We confirmed my coordinates with his from the police report. “Has anyone had any more ideas on the bear last year?” I asked.

Officer Holschen shook his head. “But you know, I don’t know that bears are so different from people. There are people out there who are crazy, and who’s to say there aren’t animals with the same problem? If I were to give it my best guess, I would say that this was just a rogue bear.”

“We brought along the 45-70 and a shotgun with slugs,” I said. “What do you recommend if a bear approaches?”

“They rarely take notice of you. But if they do approach aggressively, ninety-nine percent of the time they’ll run away if you fire at the ground so it sprays up in front of them.”

“What if they don’t?” I asked.

“If they keep coming after the first shot, aim for anything brown,” he said. “But I’ve never seen that happen.”

We said our goodbyes. “It’s great to meet you,” he said with a big smile. “Have a wonderful trip!”

Outside, I realized that I had reached the end of the dirt road. I headed back toward the beach, where the Inupiat villagers were holding their June whaling festival, Nalukataq, a thanksgiving celebration following their spring whaling season.

Along a makeshift wall of Visqueen and plywood, villagers hunkered down out of the frigid Arctic wind blowing off of the polar ice. Weathered brown hands offered passersby bits of pinkish-white blubber attached to thick black whale skin cut into pieces one or two inches long, a delicacy called
muktuk
.

A couple staying at Waldo Arms was roaming the party as well. “It’s an acquired taste,” they said with a smile as I looked a moment too long at the cold gelatinous mass, “but it’s not bad with plenty of ketchup!”

A smiling Inupiat woman in a colorful and ornately stitched parka held out a piece of muktuk on a white paper plate. There was kindness in her deep-set eyes, the creases in her face holding years of weather and wisdom. I took the paper plate with the gift of whale and added a liberal dose of ketchup, popping a piece in my mouth before letting myself think about it. The muktuk was disconcertingly rubbery. I suppressed a gag and chewed until it was gone, not quite able to disguise my distaste.

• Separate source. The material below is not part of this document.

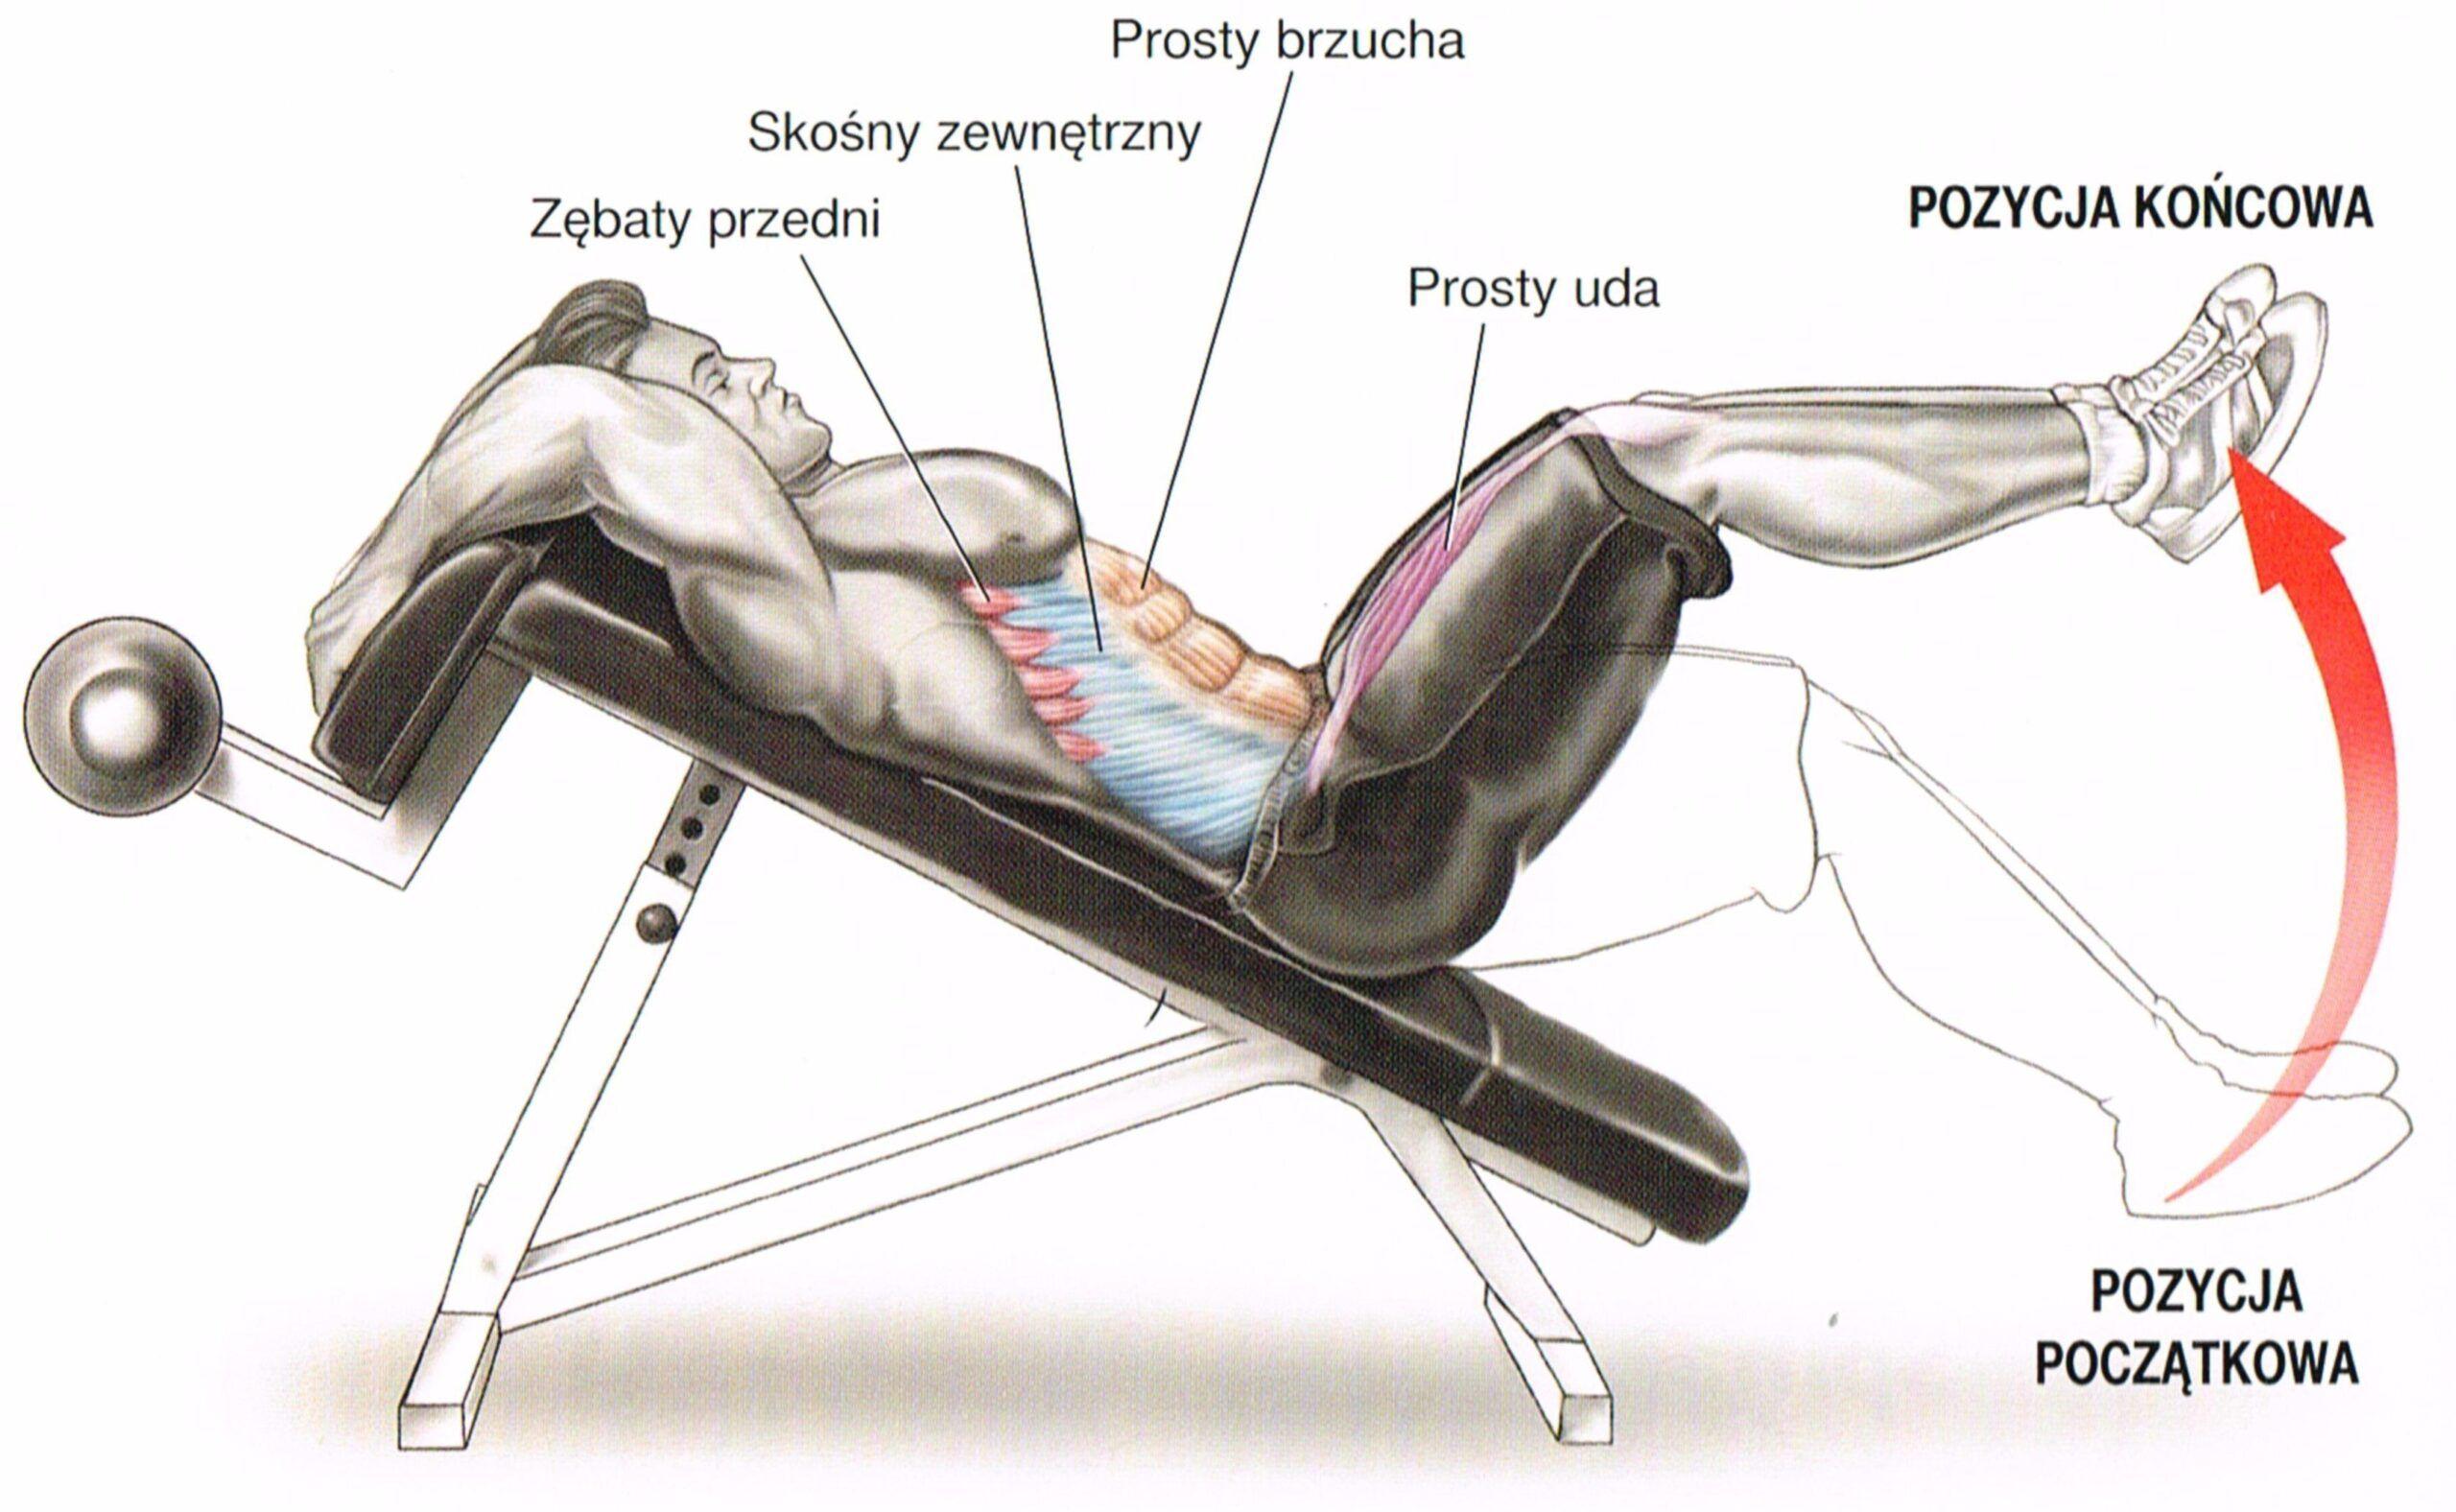 unoszenie nóg w leżeniu na skośnej ławce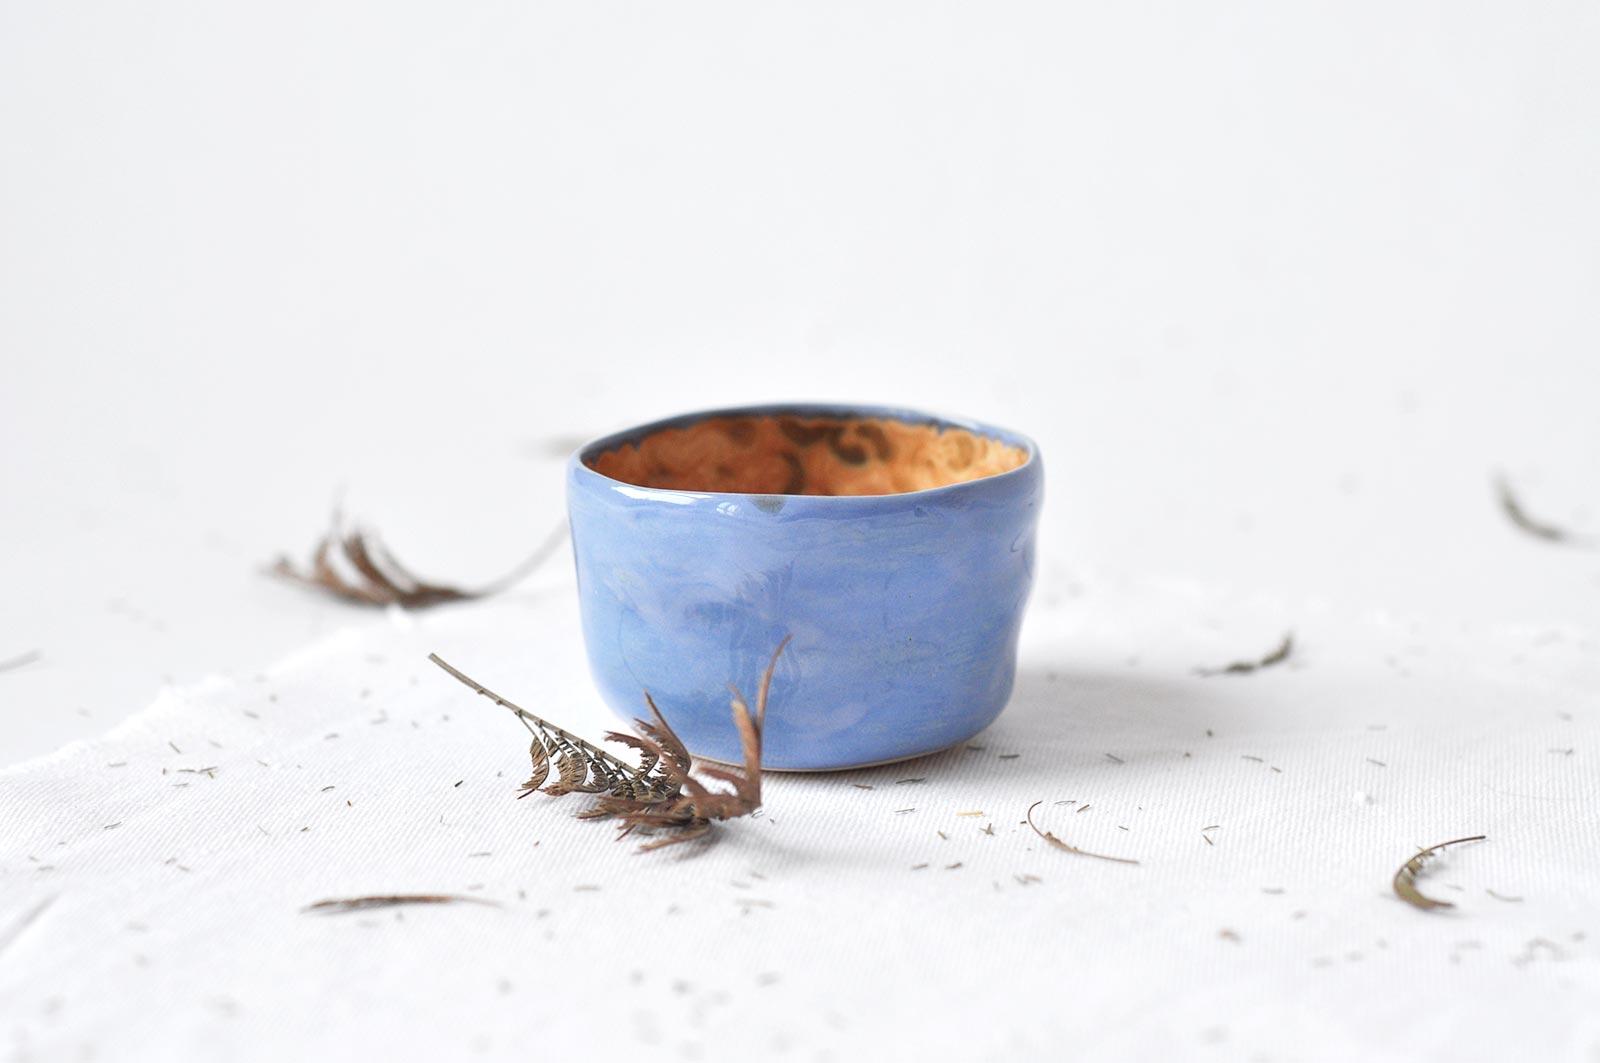 Вид сбоку - Небольшая пиала из керамики (Ручная работа)

Officer Holschen and a couple of his children walked by with plates of muktuk, which they clearly were enjoying. “They say it’s a kind of fat that keeps you warm if you eat enough of it,” he said, smiling. “They love this stuff here. We’ve really grown to like it, especially the kids!” I smiled back at the happy family.

I was an intruder here. These people living in a remote village with traditions so vastly different from any I had known made up the only culture that could understand the land I presumed to visit with my unarticulated plea for peace. They lived the connections among people and animals, earth and sea. The Inupiat were the
only ones equipped to understand any answers. I was a stranger, an outsider. I had accepted their gift of hospitality, participated in village tradition, and had nothing to offer in return. I didn’t know then to accept it as grace.

Before embarking on this journey, I had considered my impending intrusion into the wilderness. But only after visiting the village celebration was I aware of my double trespass. I hoped that a people so close to the land possessed a deeper understanding than I about animals, about animals killing loved ones, about how to navigate this primal and unforgiving world. I hoped I might learn at least some of that understanding from them. Perhaps it could mitigate the pain. Perhaps it would help me honor even more those I had lost.